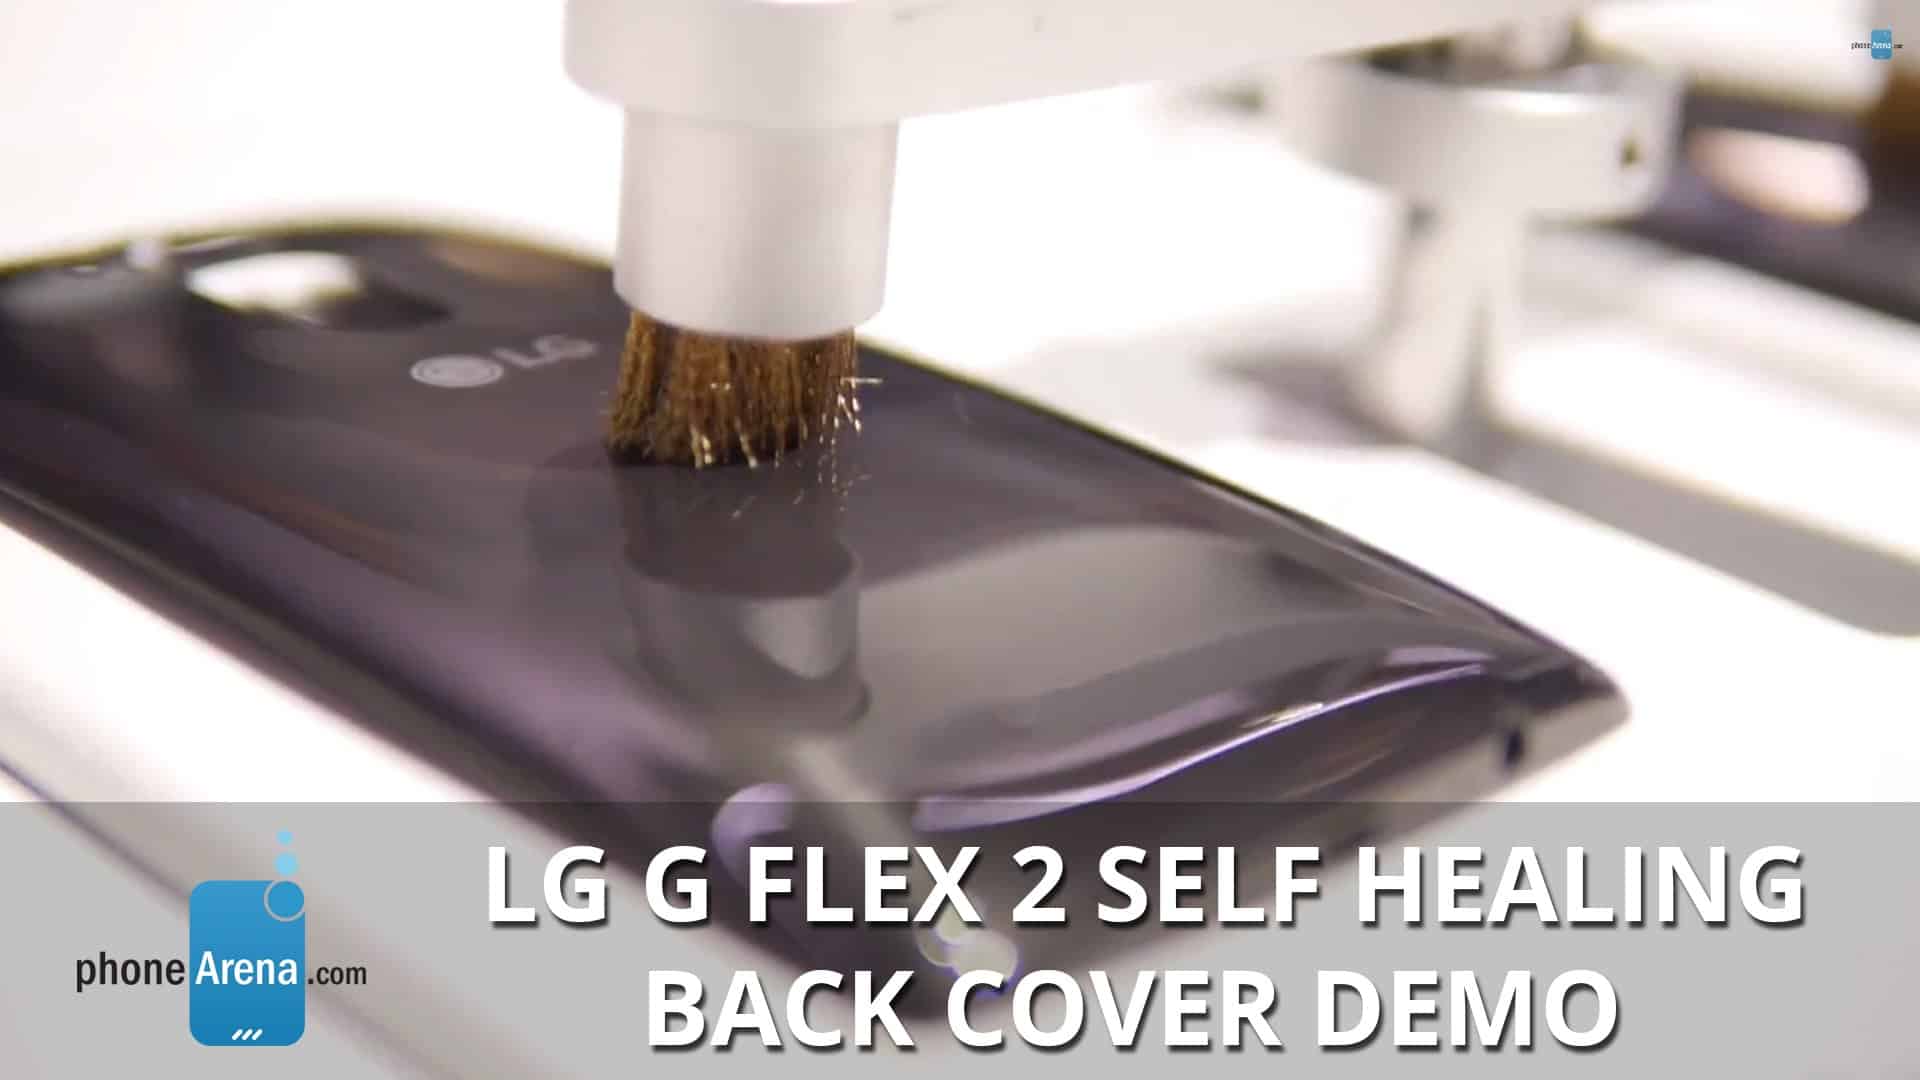 Vídeo mostra LG G Flex 2 se auto-regenerando  1
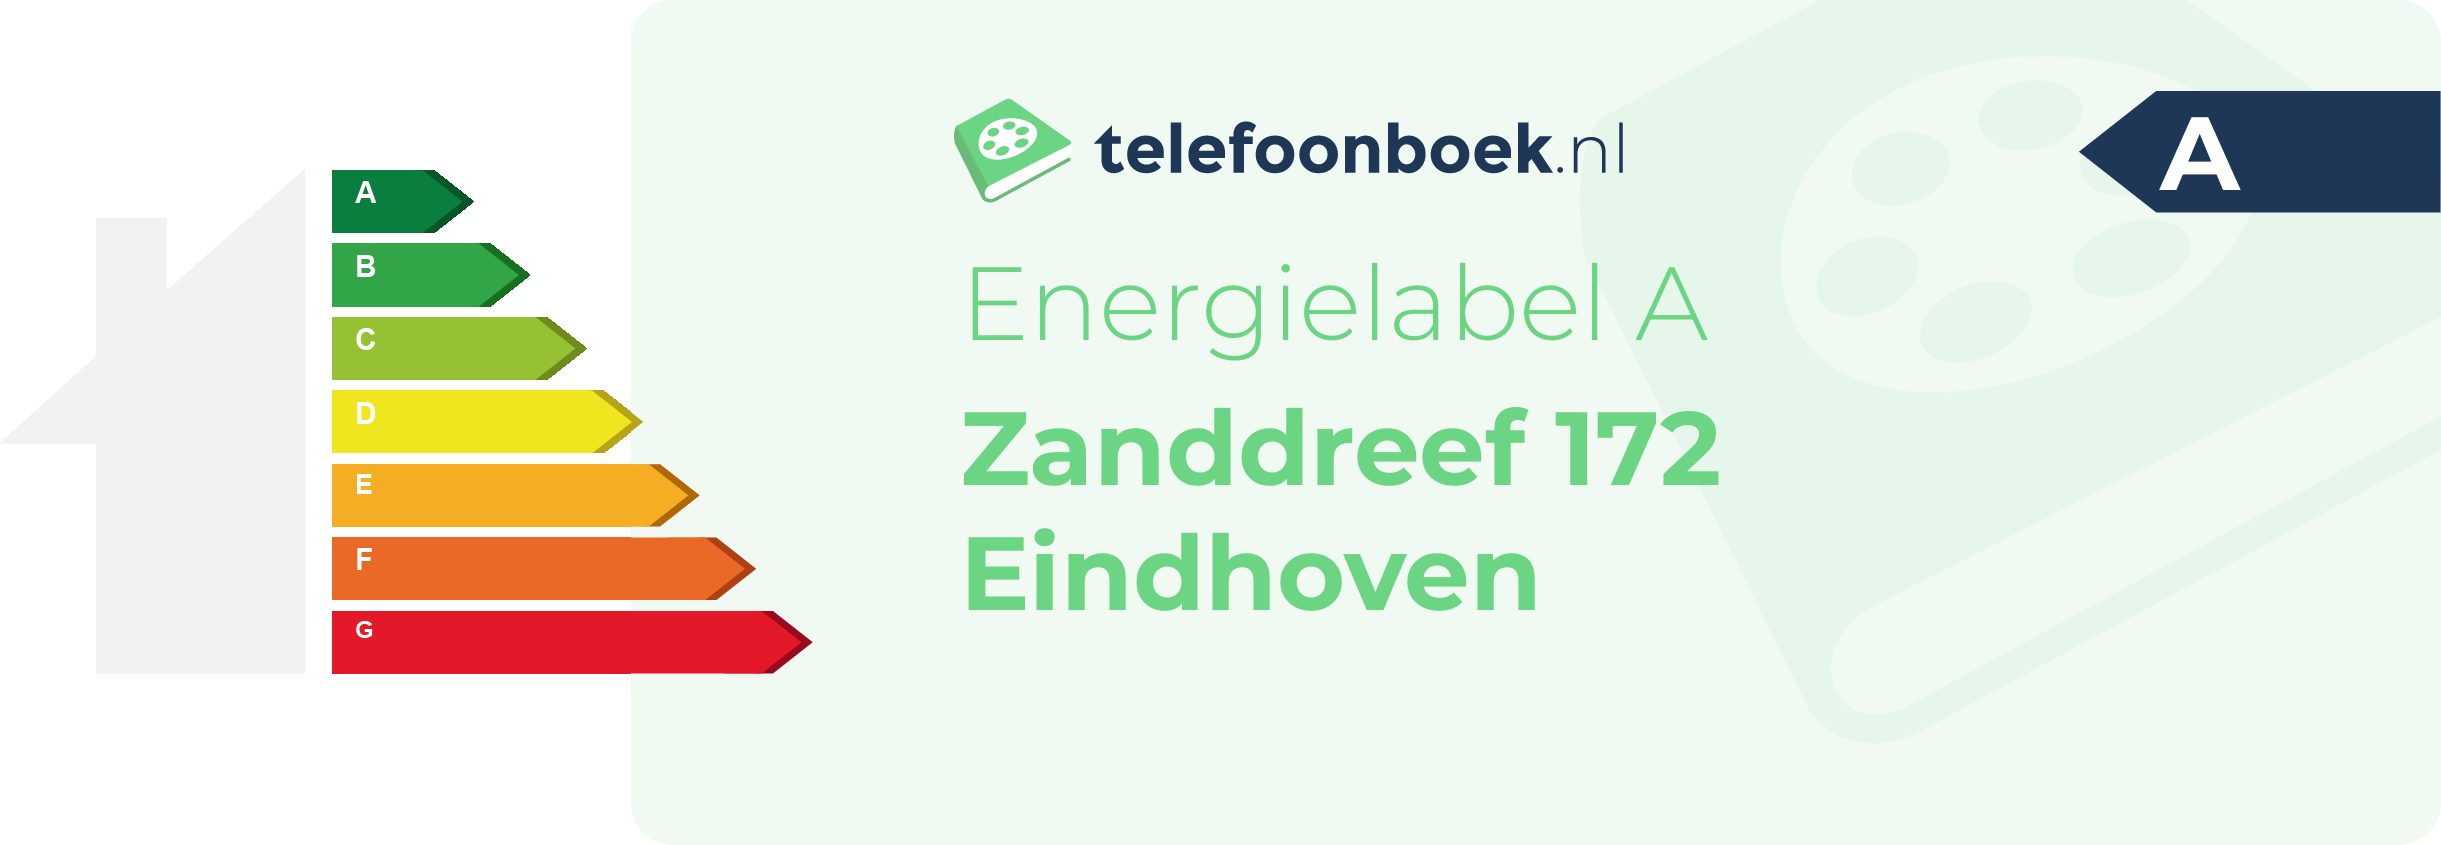 Energielabel Zanddreef 172 Eindhoven
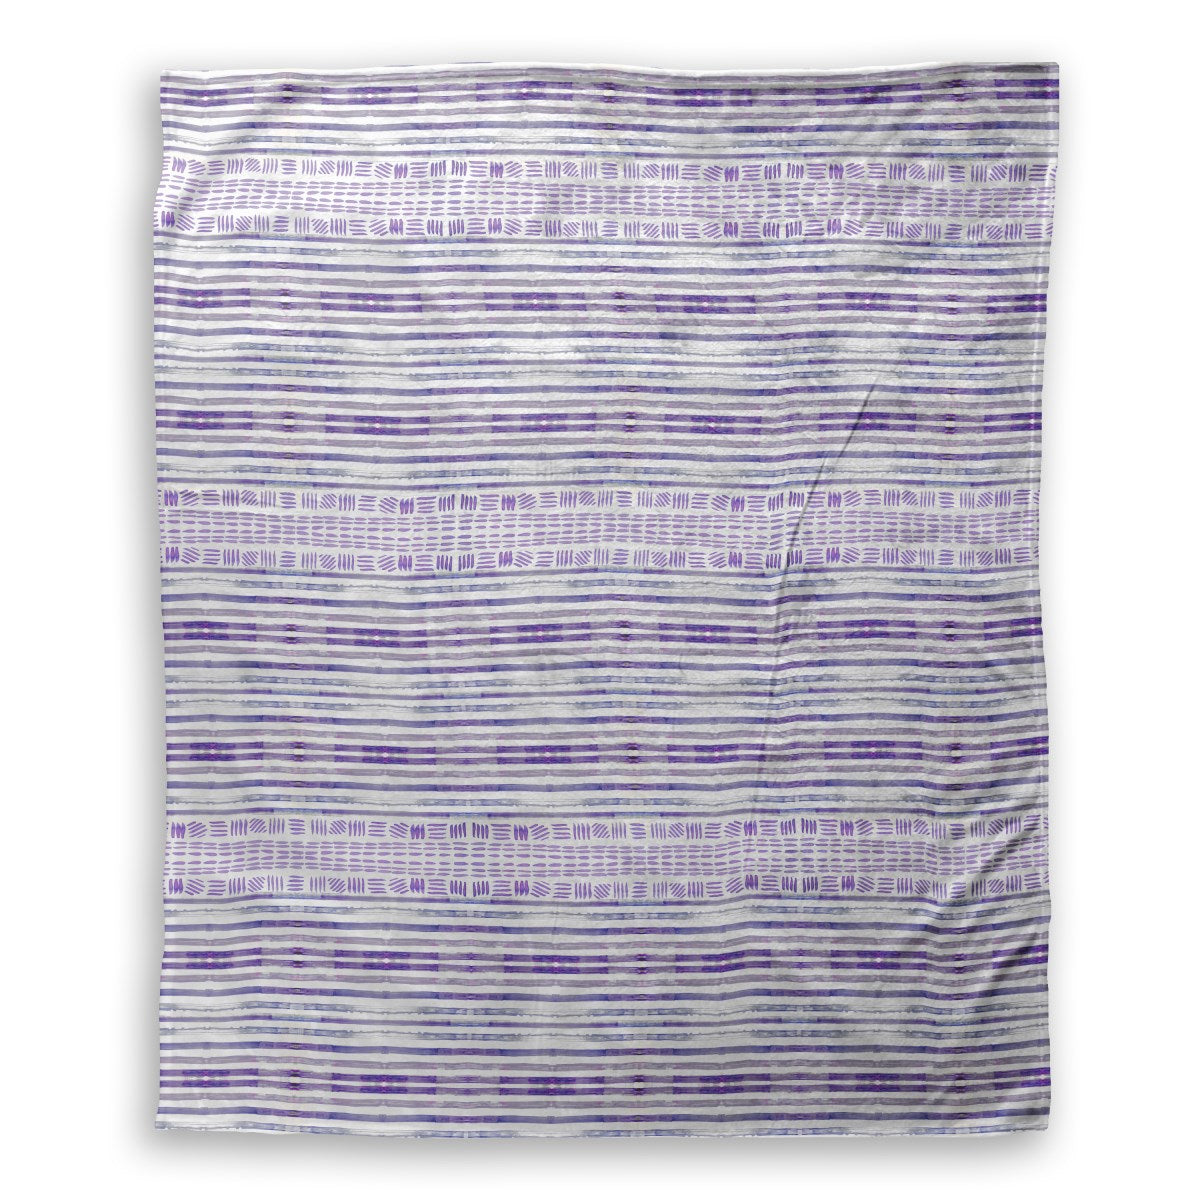 Moonlight Stripe throw blanket - small 50 x 60
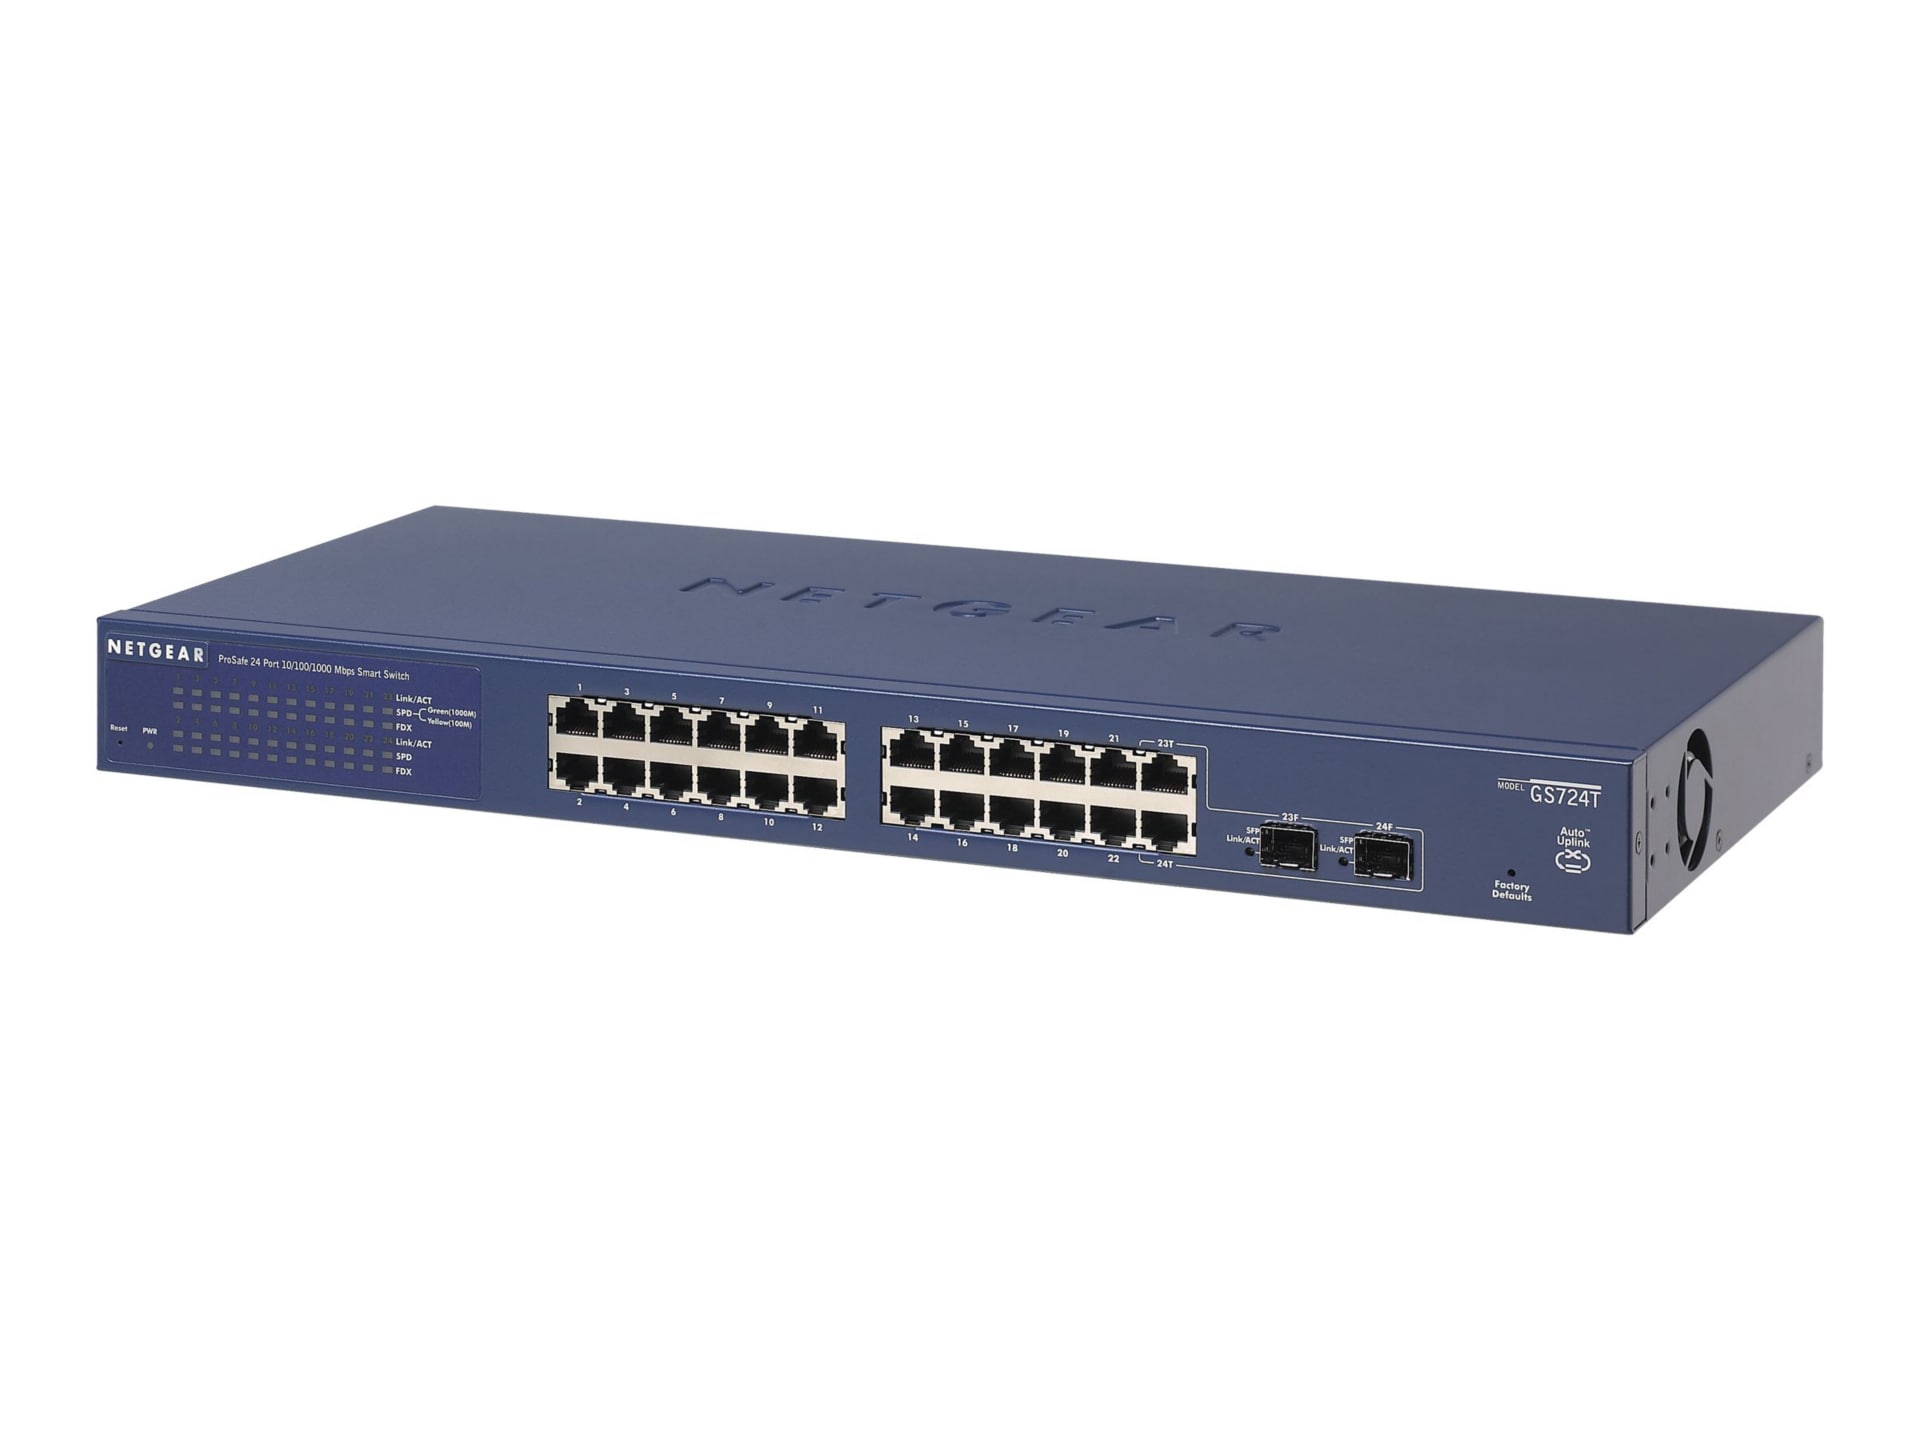 NETGEAR 24-Port Gigabit Smart Switch, GS724Tv4 - GS724T-400NAS - Ethernet  Switches

****************************************

• [Exercise details] Omit the images; transcribe the listing verbatim.

• [Written answer]
 Vídeo mostra LG G Flex 2 se auto-regenerando  1
 Energielabel Zanddreef 172 Eindhoven
 Moonlight Stripe throw blanket - small 50 x 60
 NETGEAR 24-Port Gigabit Smart Switch, GS724Tv4 - GS724T-400NAS - Ethernet  Switches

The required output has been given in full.